Published online September 30, 2022

https://doi.org/10.4285/kjt.22.0033

© The Korean Society for Transplantation

The significance of the first living donor kidney transplantation in Jeju: a case report

Young-Heun Shin1 , Taeseung Lee1 , Won-Bae Chang2

1Department of Surgery, Seoul National University Bundang Hospital, Seongnam, Korea
2Department of Surgery, Jeju National University Hospital, Jeju, Korea

Correspondence to: Won-Bae Chang
Department of Surgery, Jeju National University Hospital, 15 Aran 13-gil, Jeju 63241, Korea
Tel: +82-64-717-2287
Fax: +82-64-757-8276
E-mail: wbchangmd@gmail.com

Received: July 8, 2022; Accepted: August 1, 2022

This is an Open Access article distributed under the terms of the Creative Commons Attribution Non-Commercial License (http://creativecommons.org/licenses/by-nc/4.0/) which permits unrestricted non-commercial use, distribution, and reproduction in any medium, provided the original work is properly cited.

Abstract

To overcome the shortage of kidney donors, diverse methods have been utilized, including living donor kidney transplantation (LDKT) and extended criteria for deceased donor grafts. Currently, LDKT is a major treatment option. However, in Jeju, deceased donor kidney transplantation (DDKT) has been restricted due to the prolonged cold ischemia time (CIT) caused by the island’s geographic disadvantages and transportation limitations. We report the first LDKT in Jeju, which demonstrates a means of overcoming prolonged CIT. A 67-year-old male patient with diabetic nephropathy underwent a preemptive ABO compatible LDKT (ABO type O+) from his 62-year-old wife. The operation was uneventful, using anti-thymocyte globulin based on the recipient’s medical and immunologic risks. The patient recovered without significant complications and was discharged on postoperative day 15. Follow-up Doppler ultrasonography showed good blood flow to the kidney, and his serum creatinine levels steadily decreased and remained stable. The first successful LDKT in Jeju was significant in that kidney transplantation was implemented by compensating for its geographic limitations. In addition, we review machine perfusion as another method of avoiding prolonged CIT.
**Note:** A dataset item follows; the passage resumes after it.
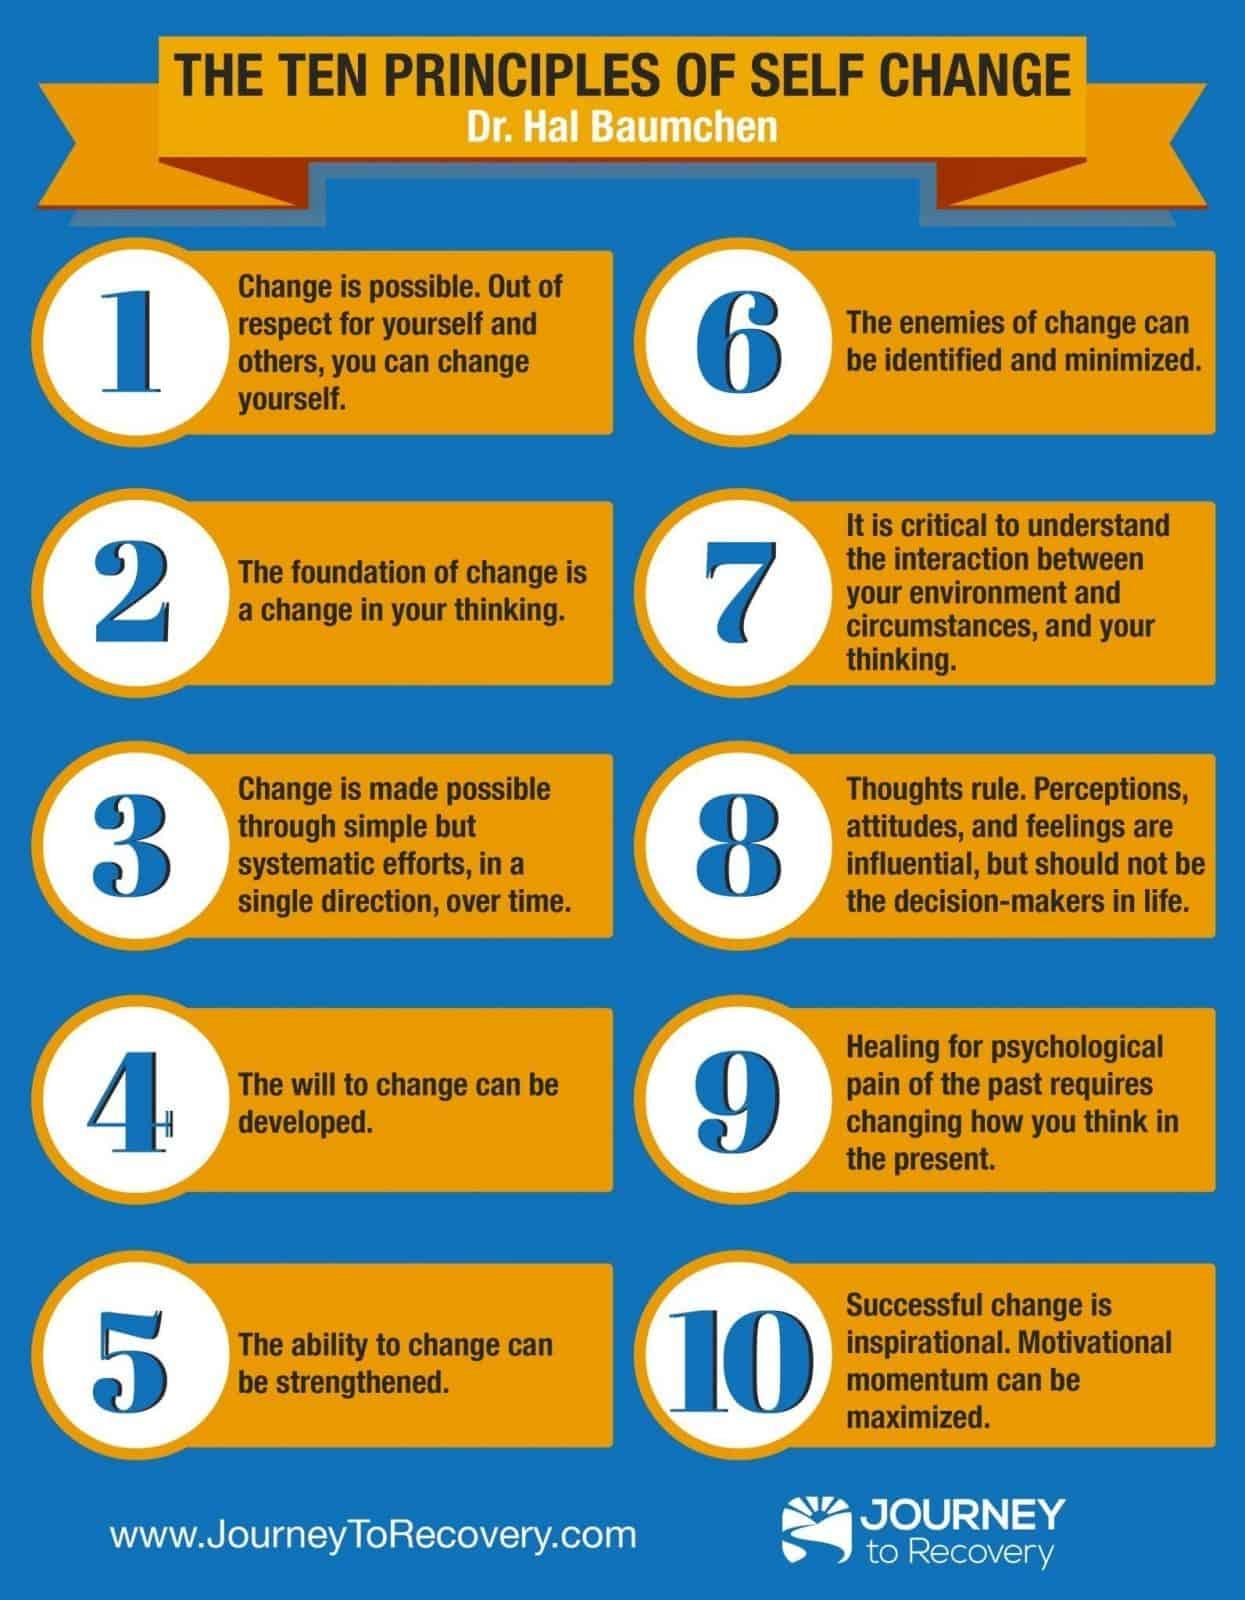 The Ten Principles of Self-Change (Infographic)

Keywords: Living donors, Kidney transplantation, Cold ischemia, Perfusion

HIGHLIGHTS
  • Living donor kidney transplantation (LDKT) and expansion of the criteria for deceased donor grafts have been utilized to overcome the shortage of kidney donors.

  • The geography and resulting transportation limitations of Jeju place it at risk for prolonged cold ischemia time (CIT) in deceased donor kidney transplantations, especially in marginal donor grafts.

  • The first successful LDKT in Jeju is significant in that it compensated for the disadvantages of its geography.

  • Machine perfusion is a good alternative for overcoming prolonged CIT in Jeju.